The above vec has a real-valued type if passed as a whole, but if the zero-weighted rows are sliced away first, the integer weight is used. The resulting histogram is either kept at full nbins resolution or potentially shrunk to the discrete integer range, which affects the split points.

For more information about the GBM algorithm, refer to the Gradient Boosted Machines booklet.

Binning In GBM

Is the binning range-based or percentile-based?

It’s range based, and re-binned at each tree split. NAs always “go to the left” (smallest) bin. There’s a minimum observations required value (default 10). There has to be at least 1 FP ULP improvement in error to split (all-constant predictors won’t split). nbins is at least 1024 at the top-level, and divides by 2 down each level until you hit the nbins parameter (default: 20).
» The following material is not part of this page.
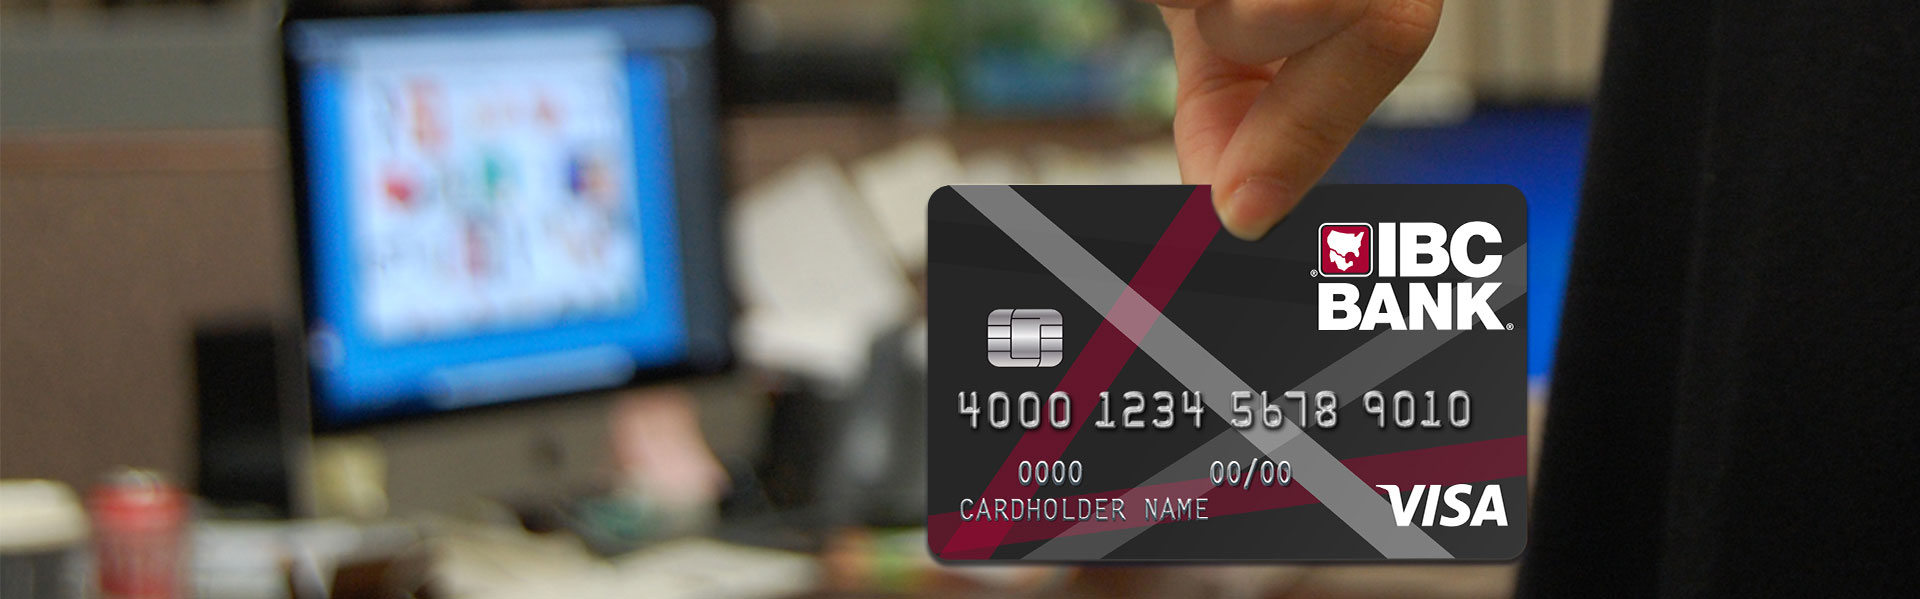 IBC Bank Bank Cards

Categoricals use a separate, more aggressive, binning range.

Re-binning means, eg, suppose your column C1 data is: {1,1,2,4,8,16,100,1000}. Then a 20-way binning will use the range from 1 to 1000, bin by units of 50. The first binning will be a lumpy: {1,1,2,4,8,16},{100},{47_empty_bins},{1000}. Suppose the split peels out the {1000} bin from the rest.

Next layer in the tree for the left-split has value from 1 to 100 (not 1000!) and so re-bins in units of 5: {1,1,2,4},{8},{},{16},{lots of empty bins}{100} (the RH split has the single value 1000).

And so on: important dense ranges with split essentially logrithmeticaly at each layer.

What should I do if my variables are long skewed in the tail and might have large outliers?

You can try adding a new predictor column which is either pre-binned (e.g. as a categorical - “small”, “median”, and “giant” values), or a log-transform - plus keep the old column.

References

Dietterich, Thomas G, and Eun Bae Kong. “Machine Learning Bias, Statistical Bias, and Statistical Variance of Decision Tree Algorithms.” ML-95 255 (1995).

Elith, Jane, John R Leathwick, and Trevor Hastie. “A Working Guide to Boosted Regression Trees.” Journal of Animal Ecology 77.4 (2008): 802-813

Friedman, Jerome H. “Greedy Function Approximation: A Gradient Boosting Machine.” Annals of Statistics (2001): 1189-1232.

Friedman, Jerome, Trevor Hastie, Saharon Rosset, Robert Tibshirani, and Ji Zhu. “Discussion of Boosting Papers.” Ann. Statist 32 (2004): 102-107

Friedman, Jerome, Trevor Hastie, and Robert Tibshirani. “Additive Logistic Regression: A Statistical View of Boosting (With Discussion and a Rejoinder by the Authors).” The Annals of Statistics 28.2 (2000): 337-407

Hastie, Trevor, Robert Tibshirani, and J Jerome H Friedman. The Elements of Statistical Learning. Vol.1. N.p., page 339: Springer New York, 2001.